I no longer find the Kurzweilian outlook ridiculous -- though until quite recently I suppose I did. The idea of a technological singularity appeared somehow absurd to me, until I read and heard more about it and realized I had not been taking the acceleration of change in computing power seriously enough. (When change is accelerating, more happens during a short period late in the process than a long period early on.) I think the singularitarian views of Kurzweil and friends, not despite but because of their extremism, can be highly useful as a provocation and an example of the surprising or apparently ridiculous ideas that can become plausible in circumstances of extremely rapid change: twenty or thirty more years of Moore's law, exponential growth in computing power, and we could expect a lot of things to look different. I applaud singularitarians for challenging us to take accelerating change seriously. There are other, very big doubts I have about this line of thinking -- for instance, I am not convinced that other systems, such as ecological ones, will necessarily continue to support smooth sailing up the curve of computational speed for that period of time -- but we can focus on those concerns another time.

What troubles me is the posited inevitability of the Singularity; and the messianic end-of-days character with which it seems to be imbued.
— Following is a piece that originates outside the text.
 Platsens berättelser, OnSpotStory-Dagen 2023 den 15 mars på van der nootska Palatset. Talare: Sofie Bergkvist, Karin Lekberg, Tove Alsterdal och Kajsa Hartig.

The idea has been described as "the rapture of the nerds", a comical name, but one with a disturbing grain of truth about it -- and the problem is right there in the label "singularity" ... it's a singular, exclusive, totalising conception of the future of humanity and the world, with a distinctly religious, eschatological air about it. In this light, it's a discourse that brooks no dissent; for the corollary message of inevitability is: get on board or get out of the way -- there's nothing else you can do. This notion of inevitability -- applied to *any* scenario that results from human decisions and behaviours, unlike a volcanic eruption -- truly is a dangerous idea. The danger is that people make it inevitable by accepting it as such; and to that extent they forego, or fail to recognise, the need and opportunity to imagine and pursue their preferred alternatives. We make and set these trends in motion, and then disown responsibility for them as if they were acts of God. This is highly suspect from a political as well as philosophical perspective.
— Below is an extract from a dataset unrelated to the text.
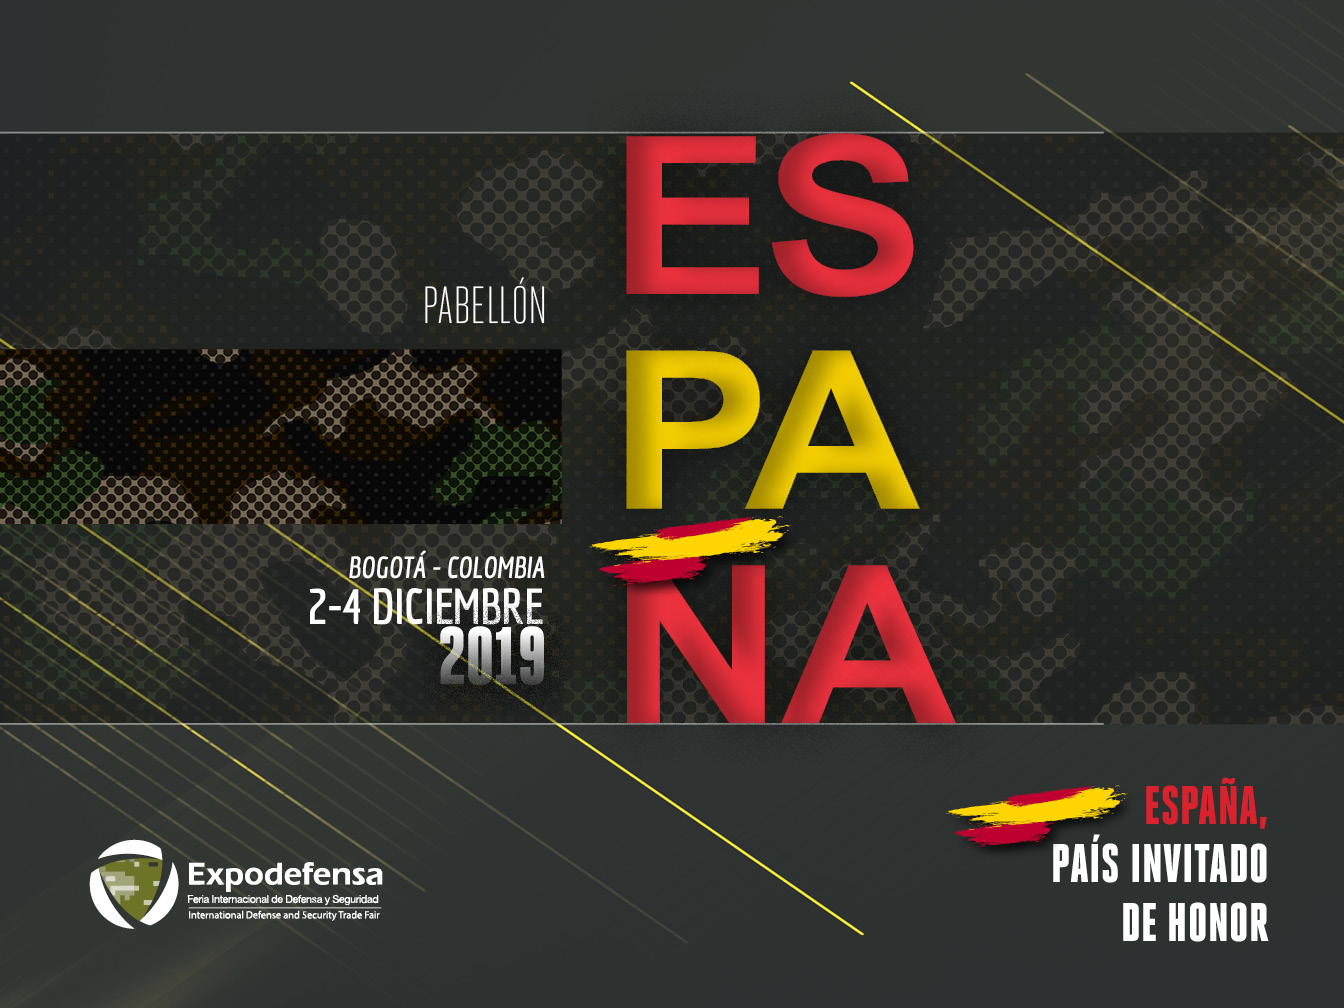 El lunes arranca Expodefensa 2019, con España como País Invitado de Honor

Let's be clear: this is not an argument, luddite-style, against the "contents" of The Singularity scenario as undesirable (to the extent that such contents can actually be discerned, amid all the fluff and excitement). Perhaps it would be a desirable future, even a magnificent one, at least for some. Nor is it an argument that The Singularity can't or won't happen. Perhaps it will. But these are the wrong questions. Who's making these changes occur? Who wants it to happen, and why? What might we do or refrain from doing, individually and collectively, to make the things we'd like to see happen, and avoid or mitigate the things we don't? The implications of these possibilities for our action was not the focus of this particular event, but it absolutely should be. Otherwise, what's the point?
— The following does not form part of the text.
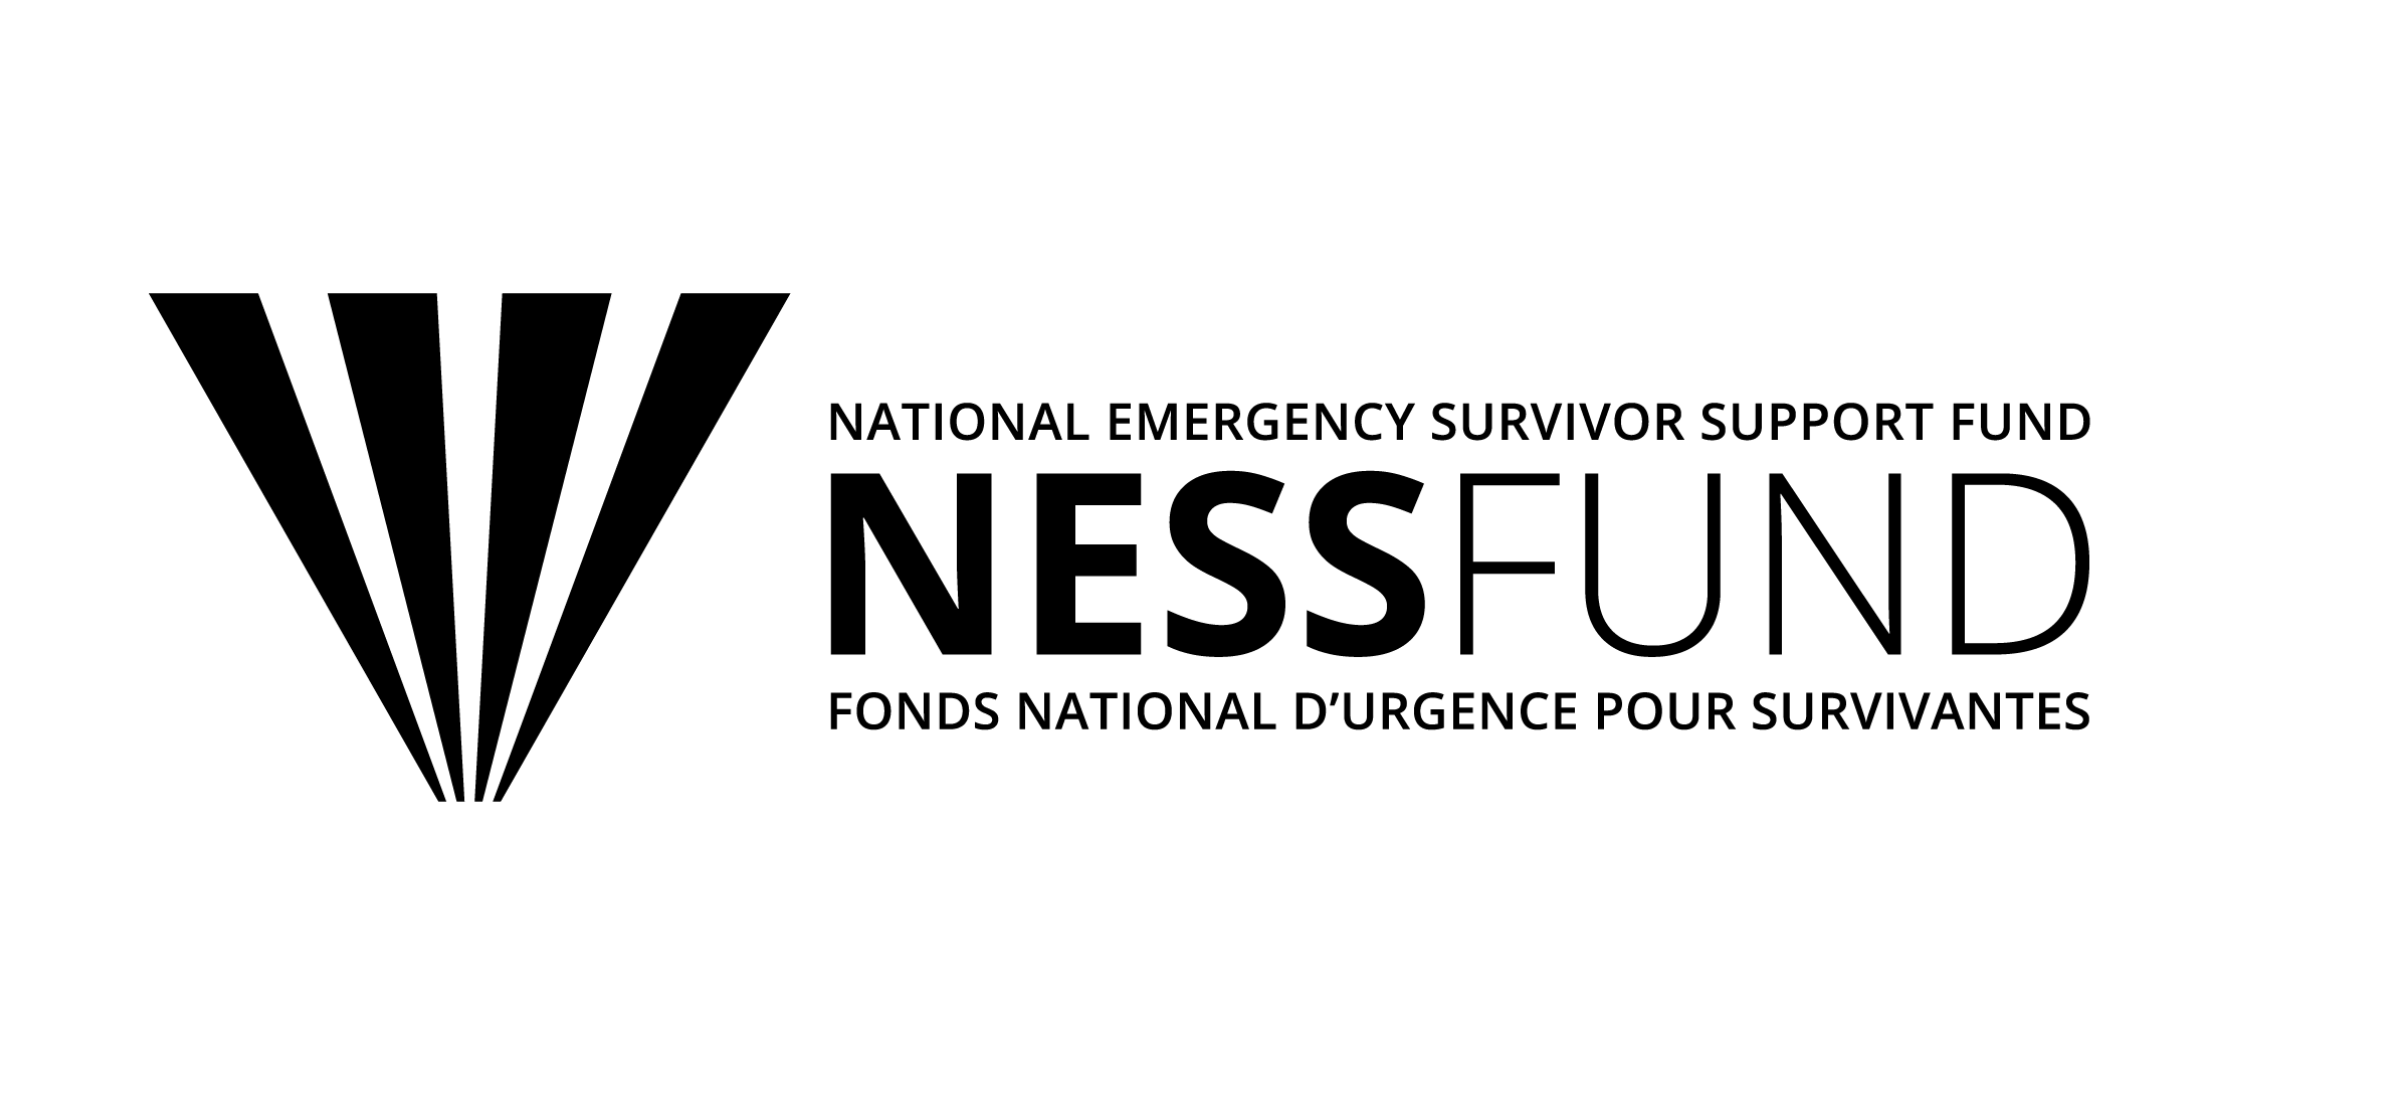 National Emergency Survivor Support Fund logo

The argument I'm trying to make is that some proponents of The Singularity appear to be preparing themselves, and as many of the rest of us as possible, for The One True Future, and proselytising for recruits. Especially if their enthusiasm springs from a perception that stronger-than-human-AI would be an unqualified good, those people advertising its inevitability are, wittingly or not, colonising the future for us -- ensuring that debates on these other issues (that scenario's preferability and probability) are framed in terms that marginalise dissenting views. They place this human process beyond the scope of any discussion of preferences or values. Hence the Singularity Summit, while extremely well organised, well attended, and thought provoking -- all of which made being there more than worthwhile -- felt largely like a rally of the faithful. Two sceptical voices were featured in the program, Douglas Hofstadter and Bill McKibben, yet neither of whom made the point forcefully enough that I think most needs to be made. History is a human story, which ought to be written collaboratively and carefully, and the Singularitarian who treats that favourite scenario as a fait accompli is either naively or deviously denying the responsibility to consider our other possible paths.

That's why I'm a Singularity Sceptic.